Every HTTP request sent from the browser includes headers, whether you want them or not. Nor are they small headers. Uncompressed request and response headers can vary in size from 200 bytes to over 2K. Although, typical size is somewhere between 700 and 900 bytes, those numbers will grow as userAgents expand features.

WebSockets give you minimal overhead and a much more efficient way of delivering data to the client and server with full duplex communication through a single socket. The WebSocket connection is made after a small HTTP handshake occurs between the client and the server, over the same underlying TCP/IP connection. This gives you an open connection between the client and the server, and both parties can start sending data at any time.

A few of WebSockets’ many advantages are:

To effectively develop any application with WebSockets, you must accept the idea of the “real-time Web” in which the client-side code of your web application communicates continuously with a corresponding real-time server during every user connection.
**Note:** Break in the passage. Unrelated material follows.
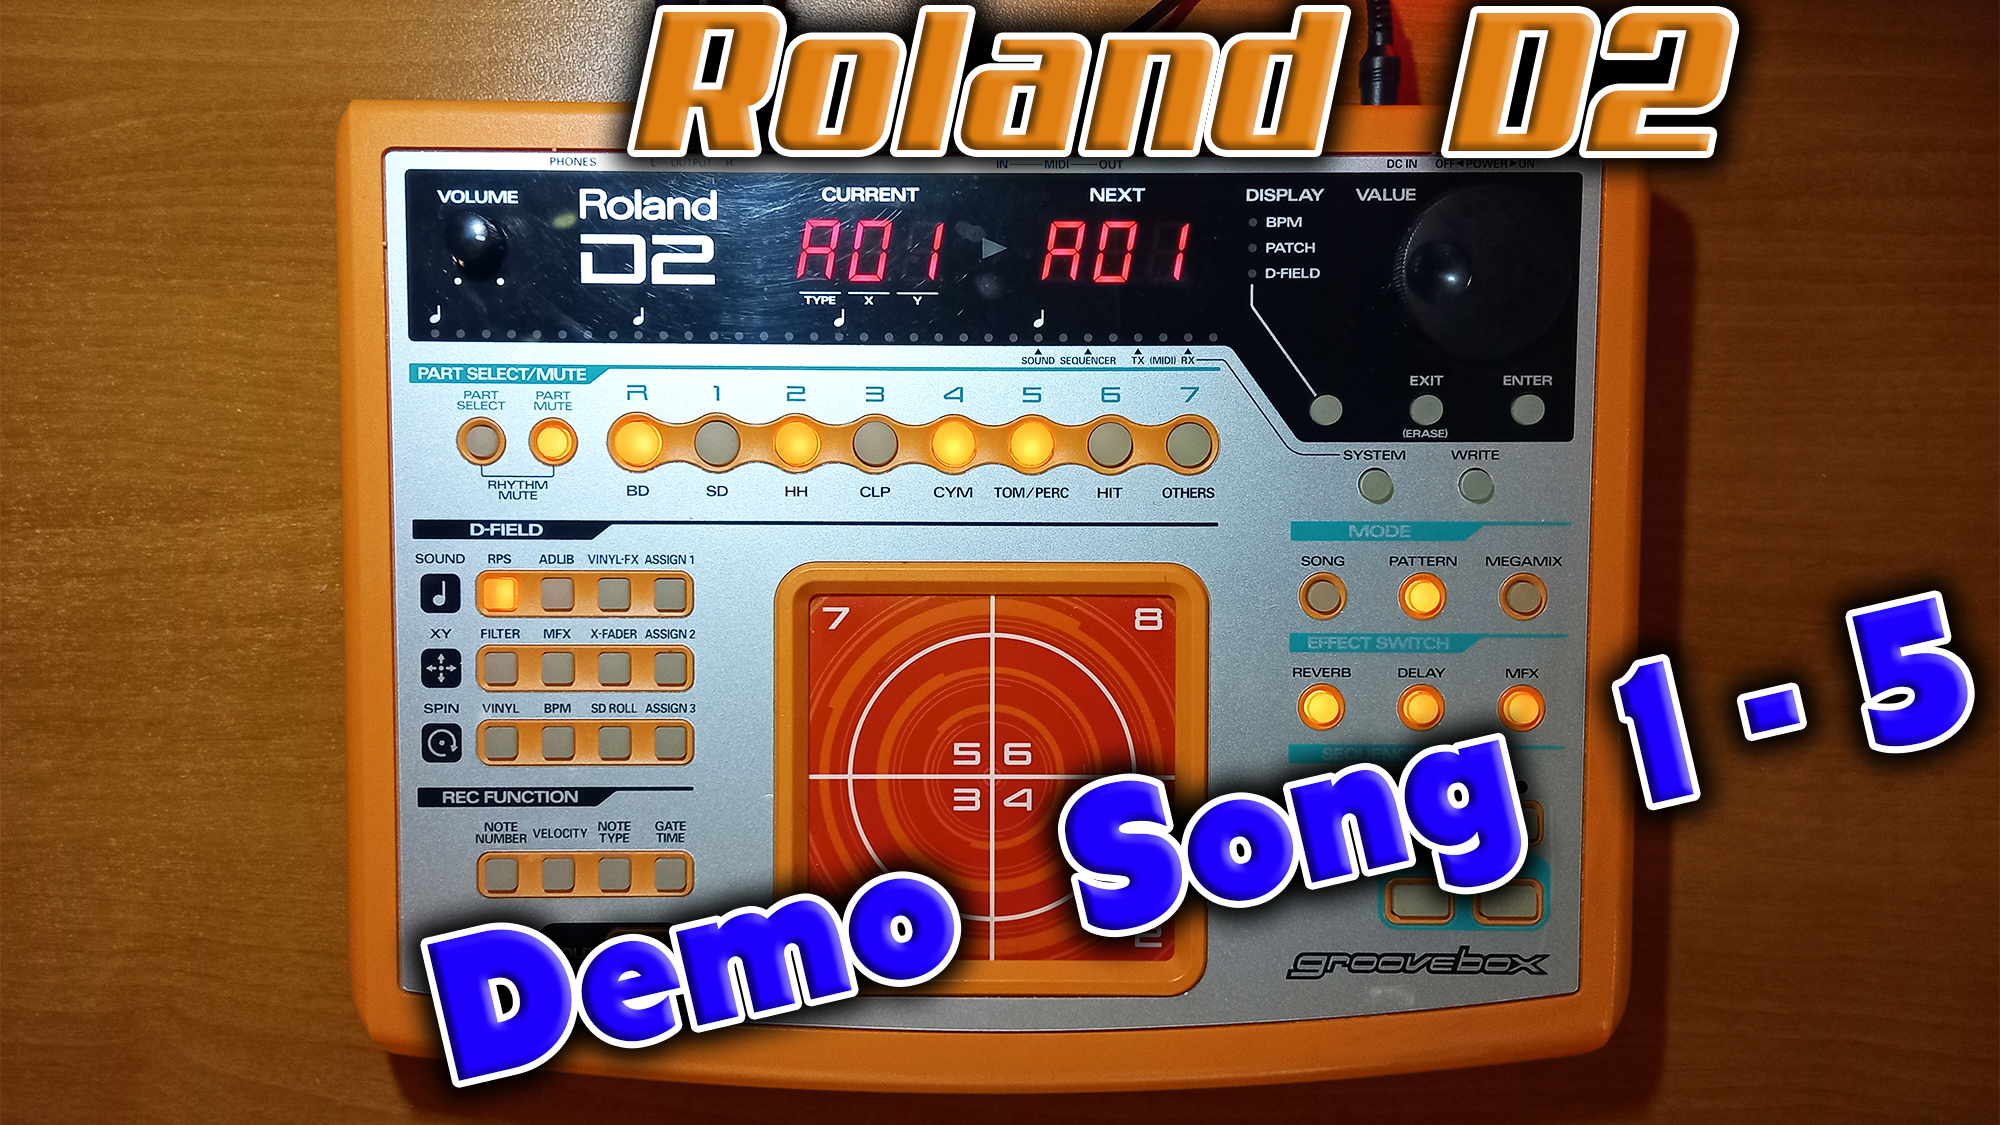 Грувбокс из далёкого 2001 года - Roland D2 !  Слушаем Demo songs  1-2-3-4-5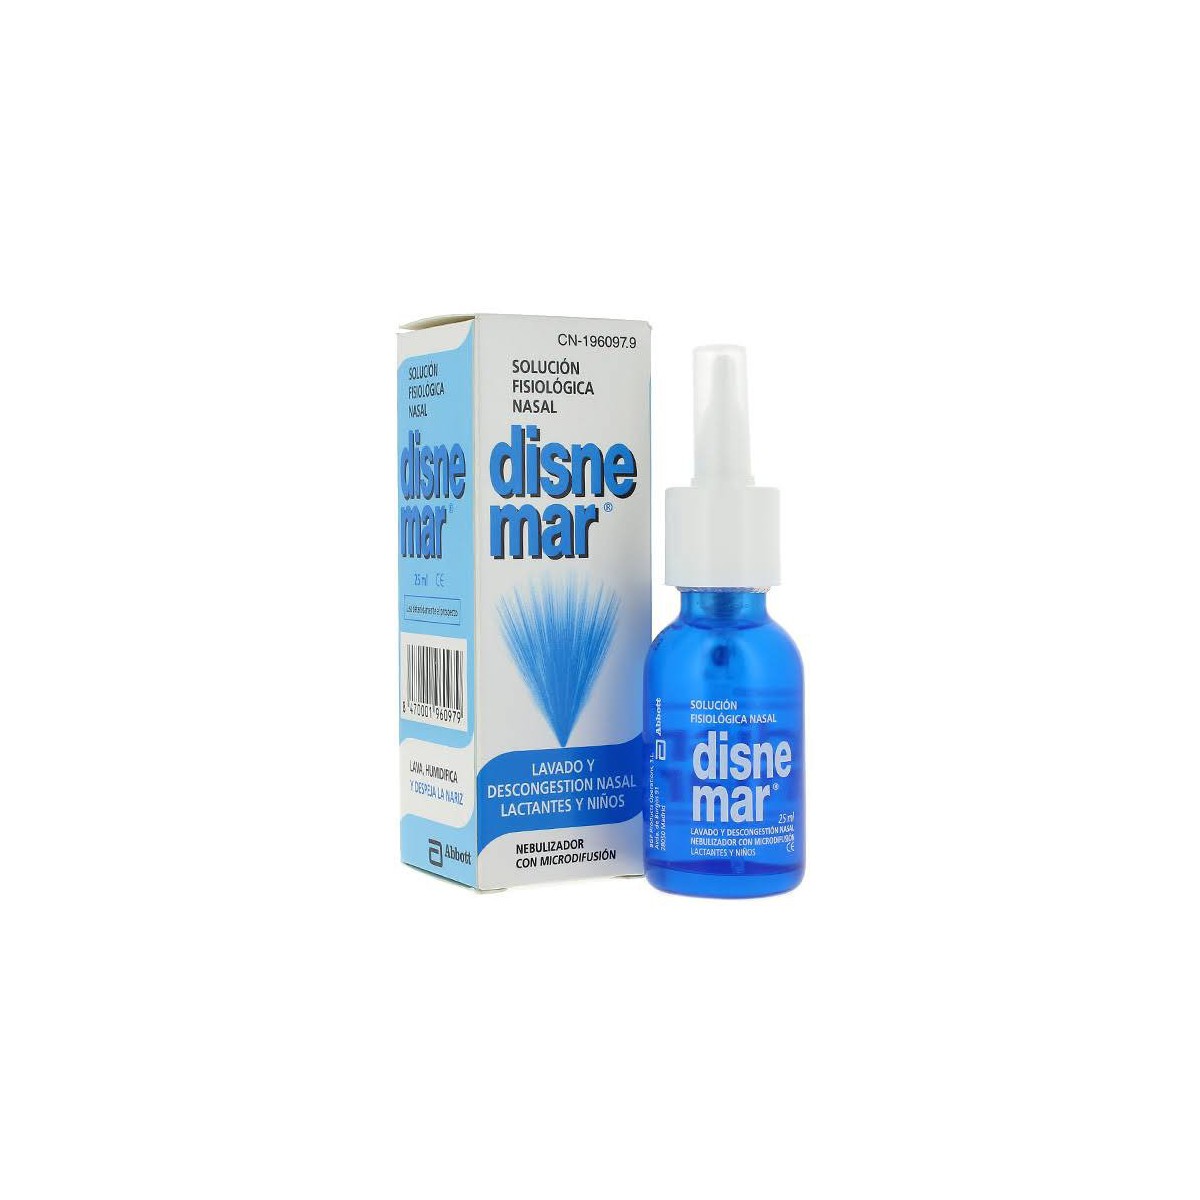 DisneMar Nasal Lactantes 25 ml

To accomplish this, you can use a capable protocol such as WebSockets or SPDY to build the stack yourself. Or you can choose a service or project to manage the connections and graceful degradation for you. In this chapter, you’ll learn how to implement a raw WebSocket server and the best practices surrounding the details of setting one up.

If you opt to leave the management to someone else, you have choices. Freemium services, such as Pusher (http://pusher.com), are starting to emerge to do this, and companies like Kaazing, which offers the Kaazing Gateway, have been providing adapters for STOMP and Apache ActiveMQ for years. In addition, you can find plenty of wrapper frameworks around WebSockets to provide graceful degradation—from Socket.IO to CometD to whatever’s hot right now. Graceful degradation is the process of falling back to use older technologies, such as Flash or long polling, within the browser if the WebSocket protocol is not supported. Comet, push technology, and long-polling in web apps are slow, inefficient, inelegant and have a higher potential magnitude for unreliability. For this book, I am only covering the core WebSocket specification to avoid confusion and to keep things simple.

As mentioned earlier, WebSockets present a new development model for server- and client-side applications: the “real-time” Web. During every user connection under this model, your web application’s client side needs to communicate continuously with the corresponding real-time server. Although most server-side frameworks provide eventing mechanisms, few extend the events all the way through to the web browser to support this real-time model. As a result, you are faced with retrofitting your current solutions and architectures into this real-time model.

For example, suppose your server-side framework is capable of sending an event and you have observers of this event in your code. WebSockets gives you the ability to extend that event so that it carries all the way from the server side into the connected client’s browser. A good example would be to notify all WebSocket connections that a user has registered on your site.

The first step towards implementing such a solution is to wire up the three main listeners associated with WebSockets: onopen, onmessage, and onclose. Basically, the following events will be fired automatically when a WebSocket connection opens successfully. For example:

objWebSocket.onopen = function(evt)
{
   alert("WebSocket connection opened successfully");
};
objWebSocket.onmessage = function(evt)
{
   alert("Message : " + evt.data);
};
objWebSocket .onclose = function(evt)
{
   alert("WebSocket connection closed");
};

After the WebSocket connection opens, the onmessage event fires whenever the server sends data to the client. If the client wants to send data to the server, it can do so as follows:

objWebSocket.send("Hello World");

Sending messages in the form of strings over raw WebSockets isn’t very appealing, however, when you want to develop enterprise-style web applications. Because current WebSocket implementations deal mostly with strings, you can use JSON to transfer data to and from the server.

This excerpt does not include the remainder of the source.